━━━ Provided entries
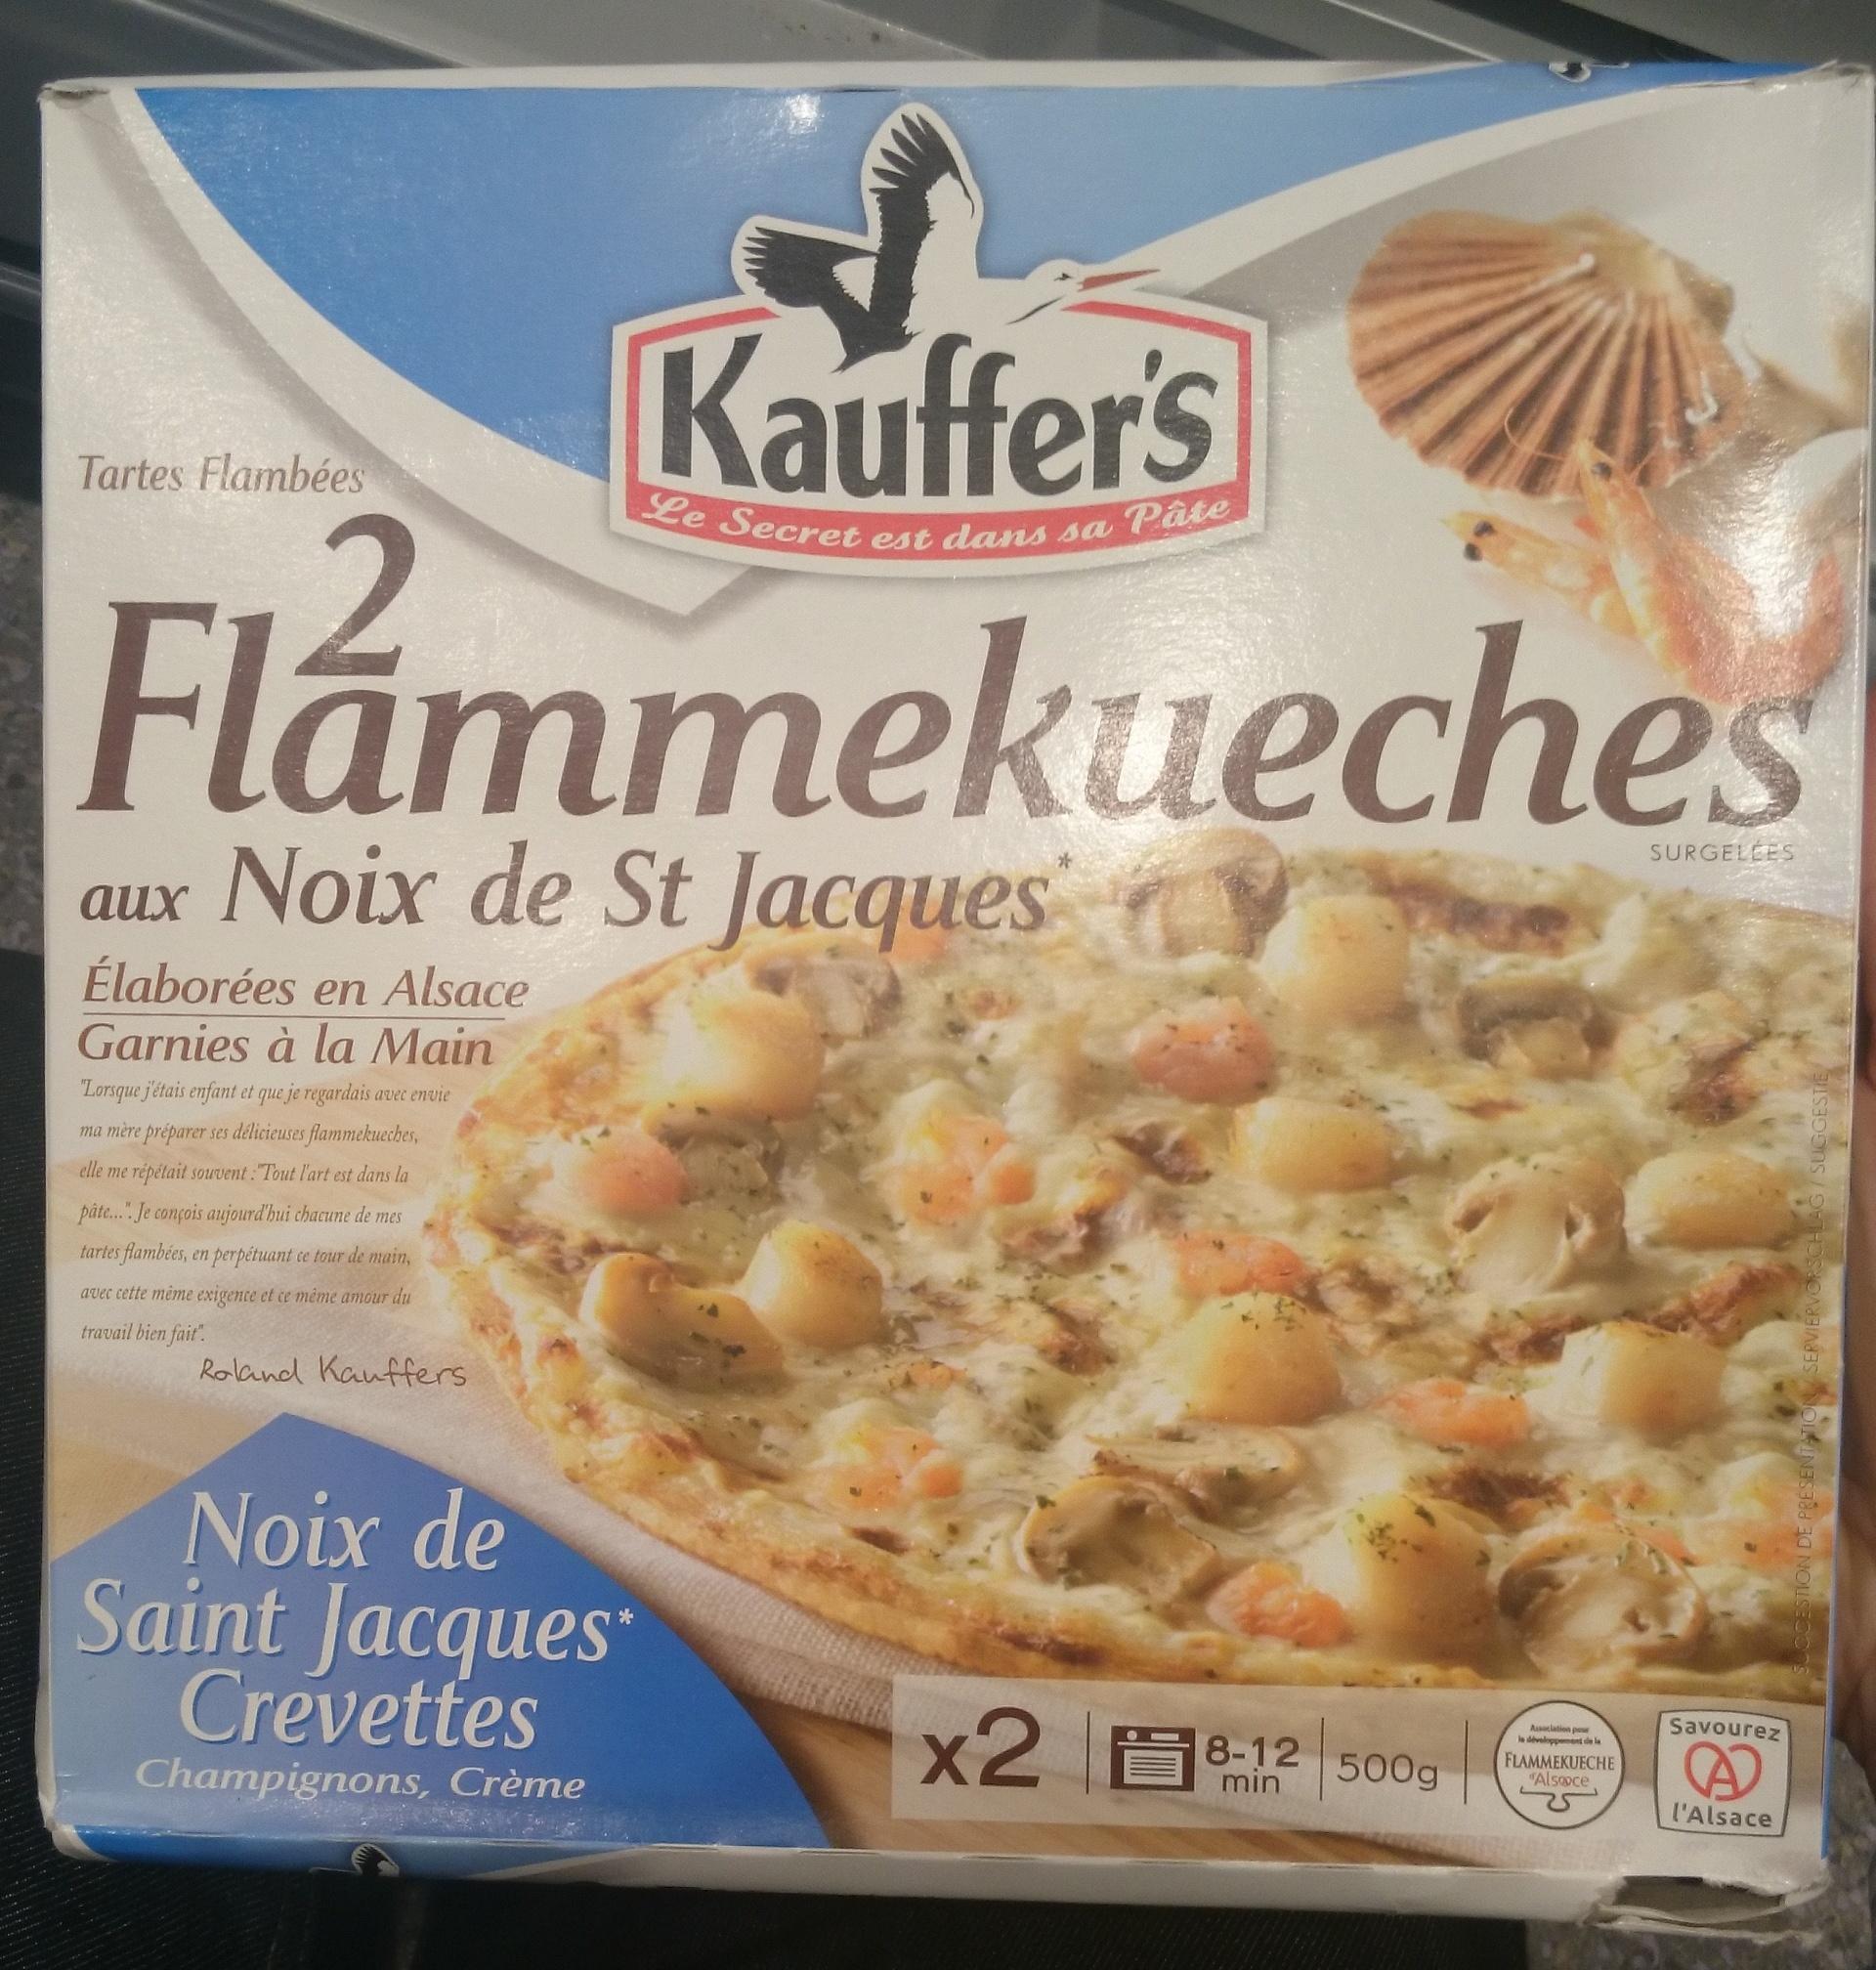 Flammekueches aux Noix de St Jacques - Produit - fr
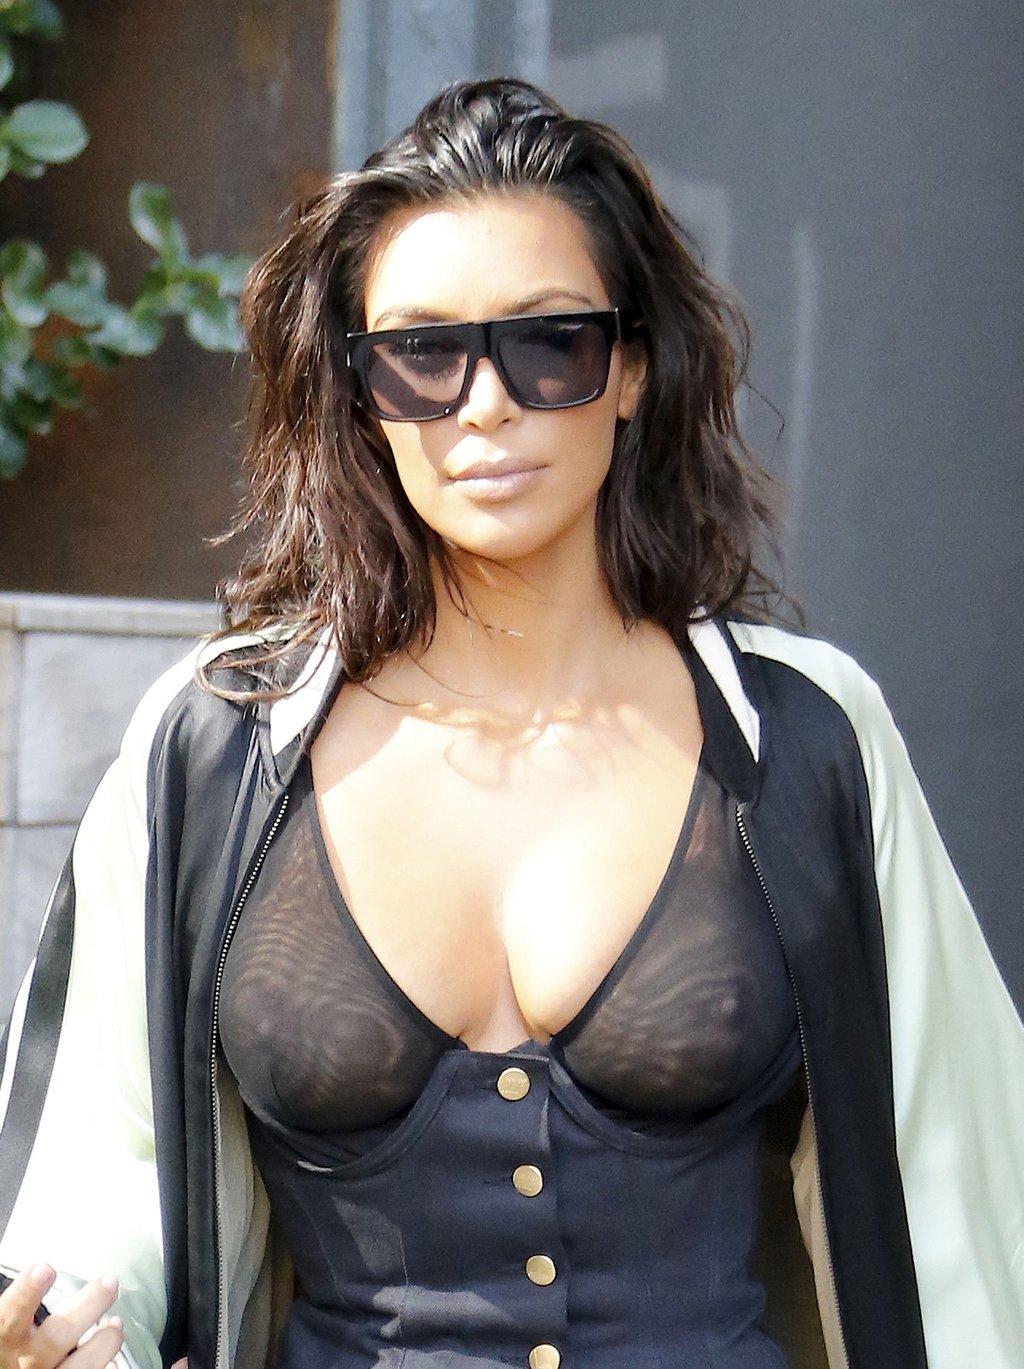 Kim Kardashian Nua Video E Fotos Pelada (13)
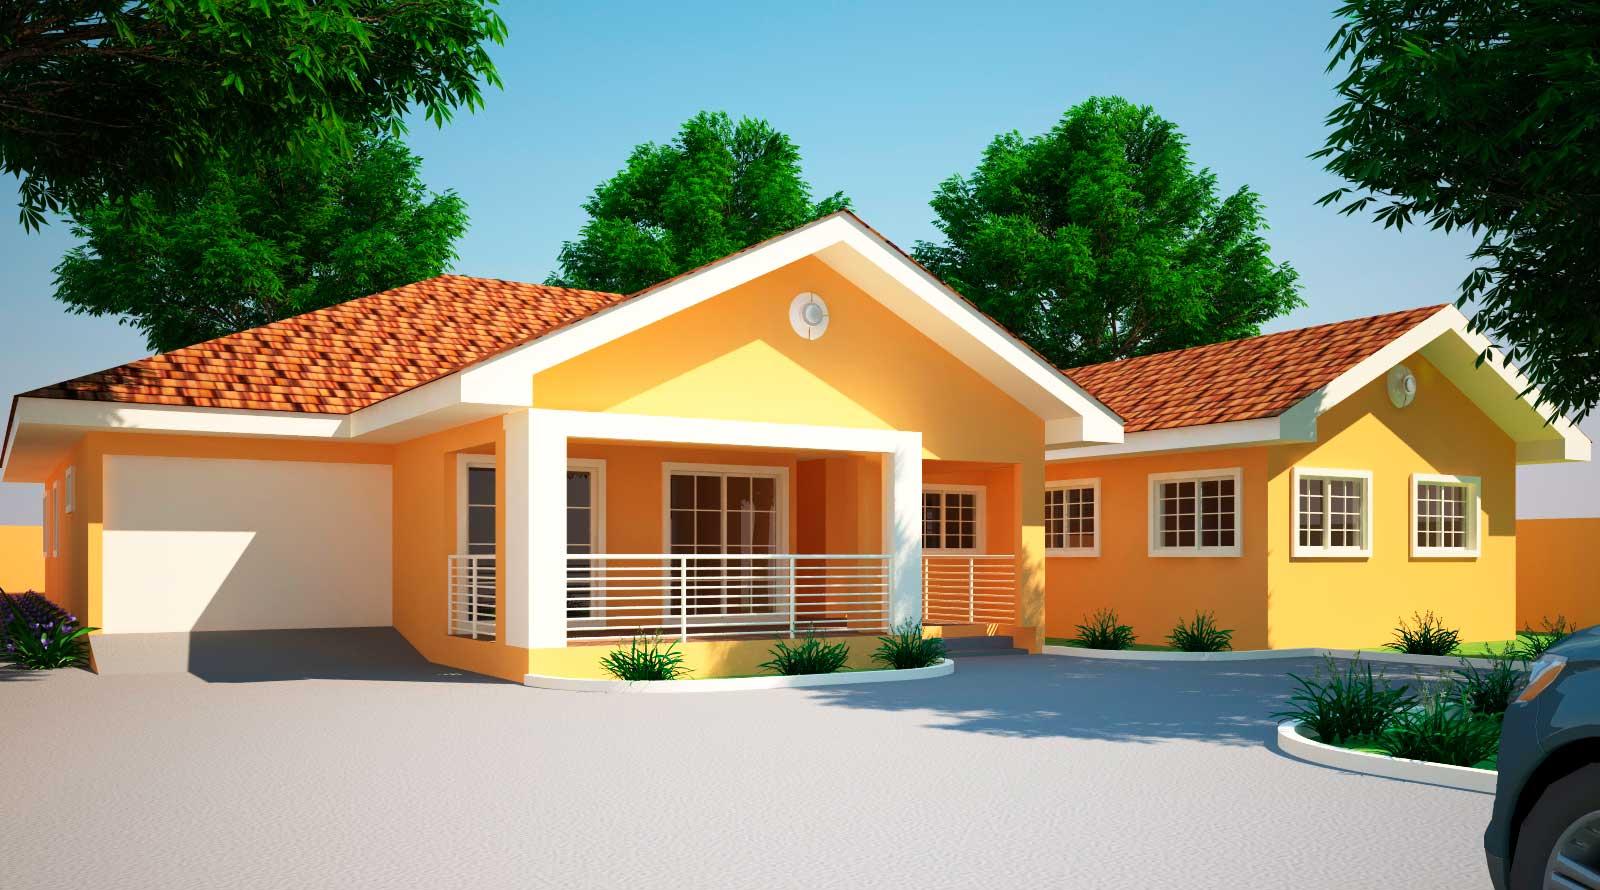 House Plans Ghana Jonat Bedroom Plan House Plans 2042
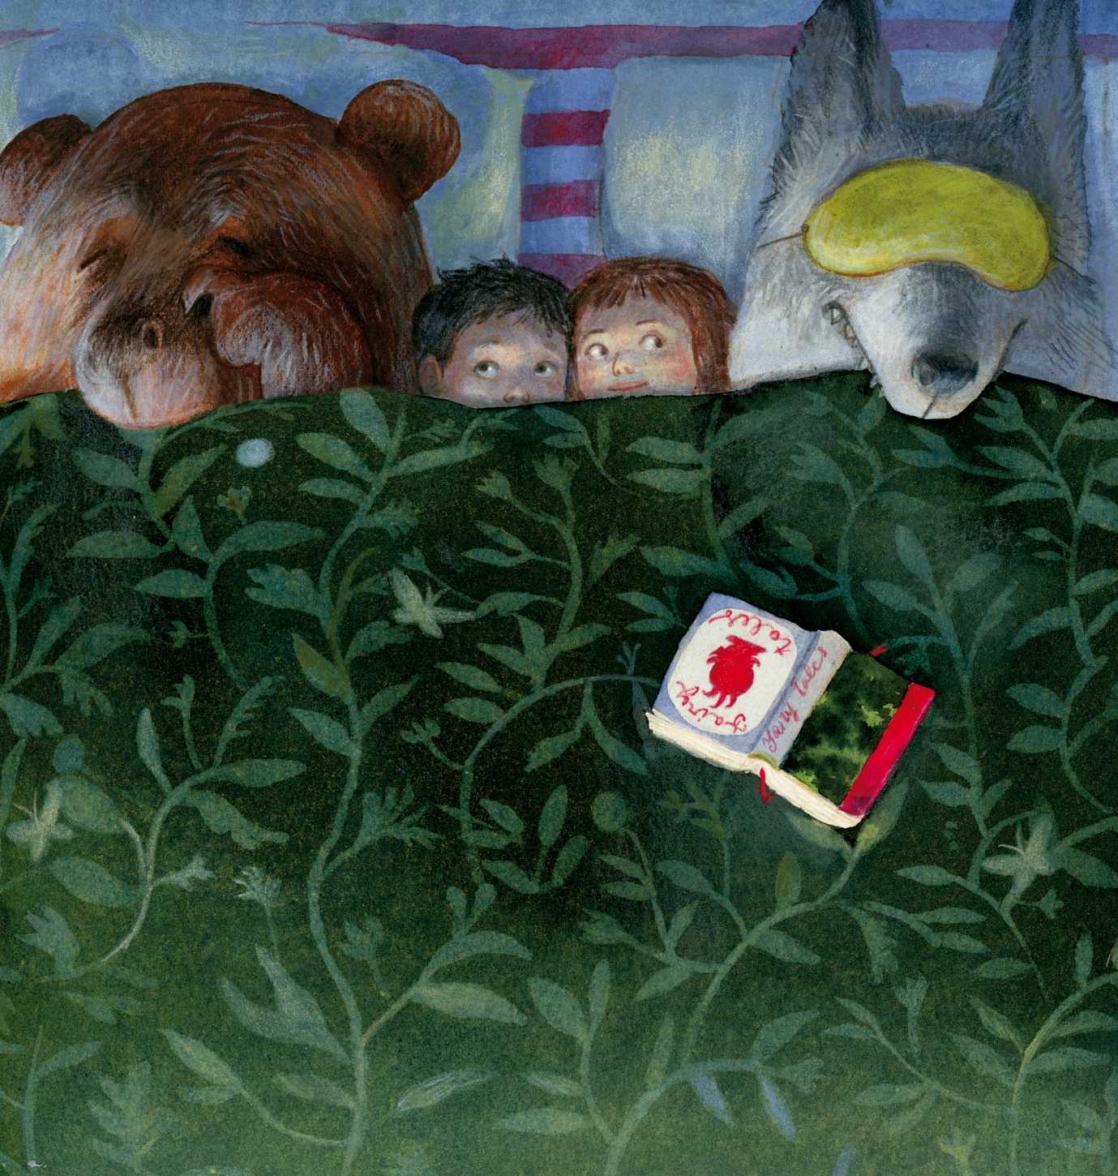 Les créatures du livre s'invitent sous la couette, illustration de Mariachiaria di Giorgio (2016)
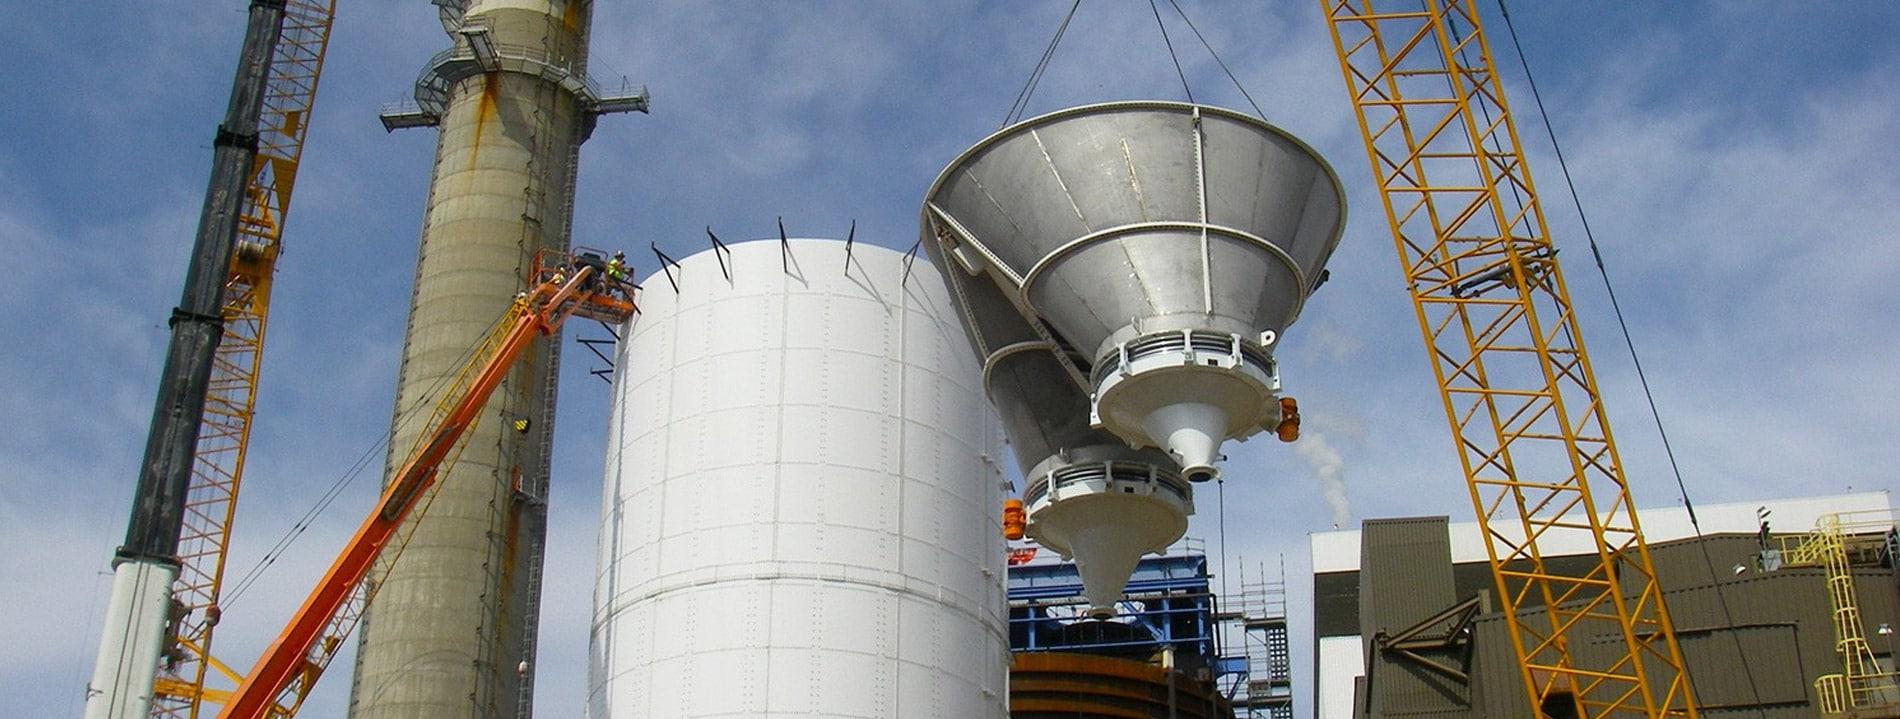 African tanks water storage tanks steel
━━━━━━
Task: From the line that holds "Les créatures du" to the last line of the records, please copy each line exactly and nothing else. Pictures stay out.

Exercise solution:
 Les créatures du livre s'invitent sous la couette, illustration de Mariachiaria di Giorgio (2016)
 African tanks water storage tanks steel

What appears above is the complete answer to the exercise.